Ascended Mogul + Ultimate Artist

Thanks @Malkuth. It’s been a long road, but usually these depressive episodes I have signal a change coming. So I believe your intuition is correct. Like a death and rebirth cycle. I’ll definitely keep all that in mind when I’m looking for a therapist.

@anon3072973. It can’t hurt to do so and I’ll try it out. But this isn’t the first time I’ve hit these realizations. I will keep this mentality in mind, but I think it’s only a piece of the puzzle for me. I’m sure it would help, but I’ve had a bad habit in the past of thinking one thing could fix everything and if it wasn’t working I wasn’t trying hard enough vs dealing with a way more complex issue.
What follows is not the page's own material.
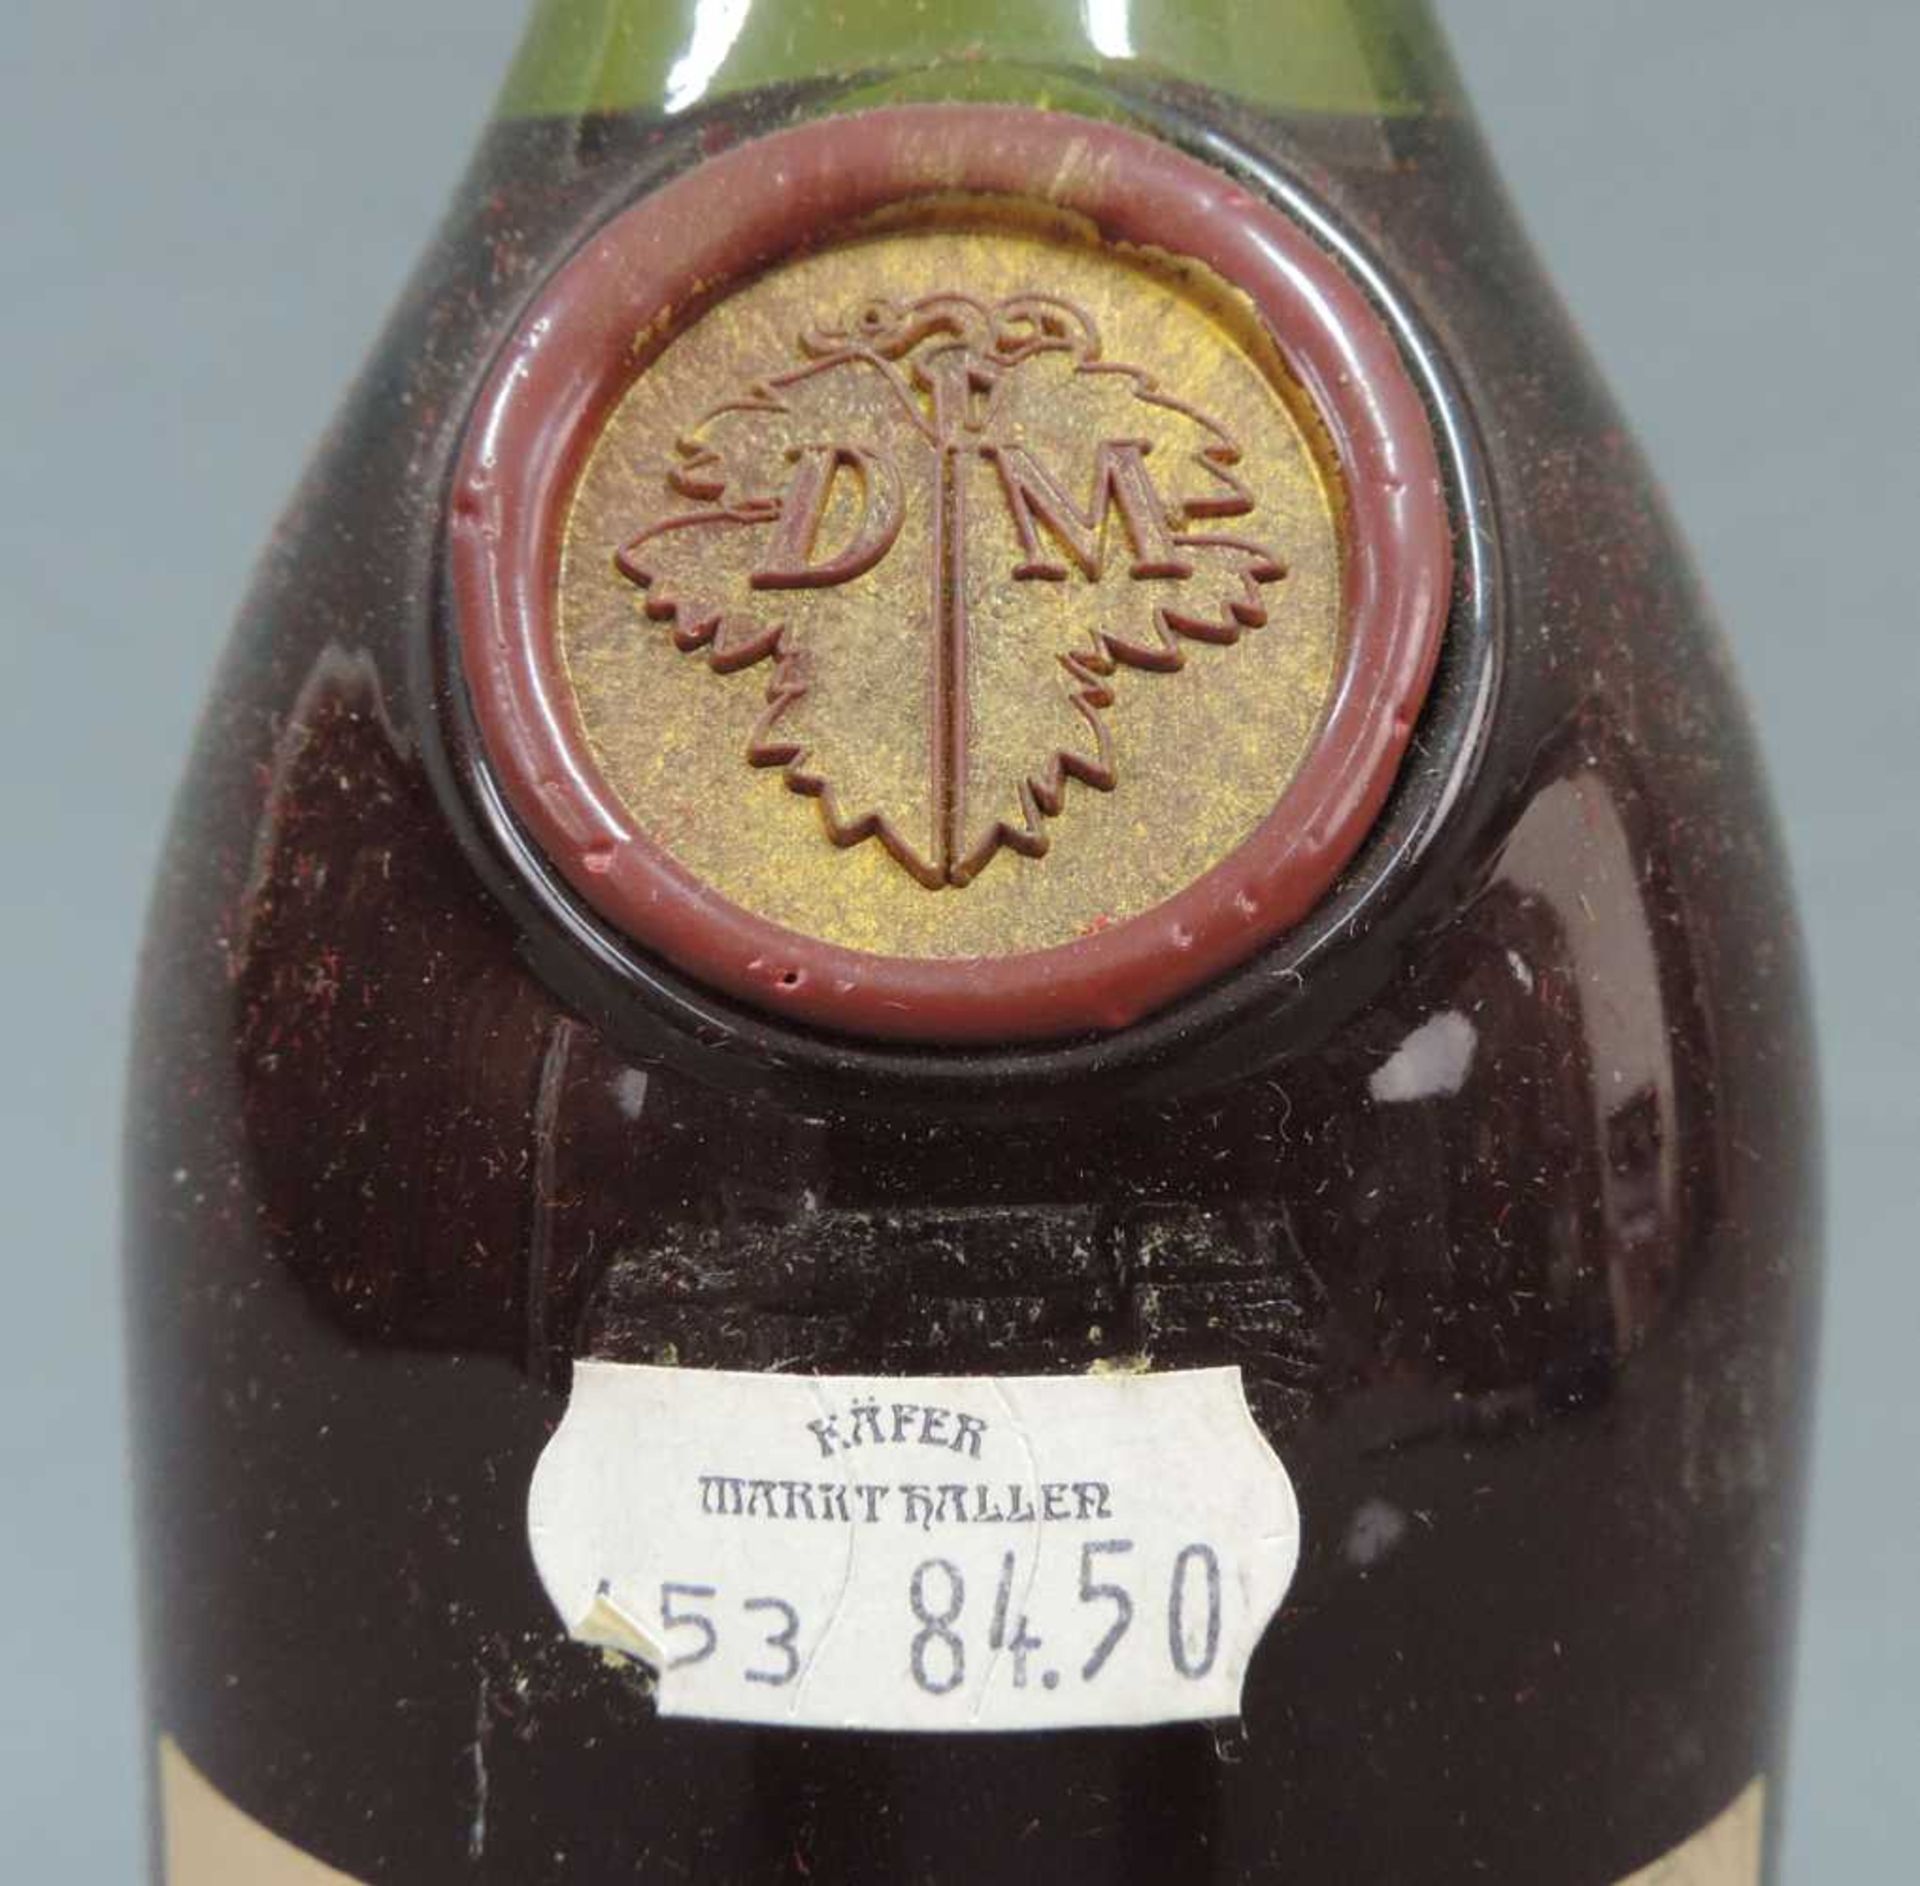 Denis Mounié Grande Champagne Extra Cognac. Maison Fondée en 1838. 70cl. 40%. Denis Mounié Grande - Image 3 of 5

@FireDragon Ego state therapy looks promising. Unfortunately I don’t know if I’ll be able to get a therapist who specializes in it. I’ll keep it in mind though.

I guess I’ll have to try to rule out the physical again. I did that a few years back and never found anything conclusive. Hormones, vitamins minerals, all kinds of tests, thyroid, nothing, they couldn’t find any cause. The only thing I did that helped a bit was eliminating gluten from my diet. I’ll never take meds though. I did once out of desperation and they didn’t help in the slightest. Plus after doing research on all of it, it’s incredibly shady. I don’t trust the drug companies or the science behind them.

That was my reason for using subs. I wanted to get to the core psychological reason for this because I could never find a physical one.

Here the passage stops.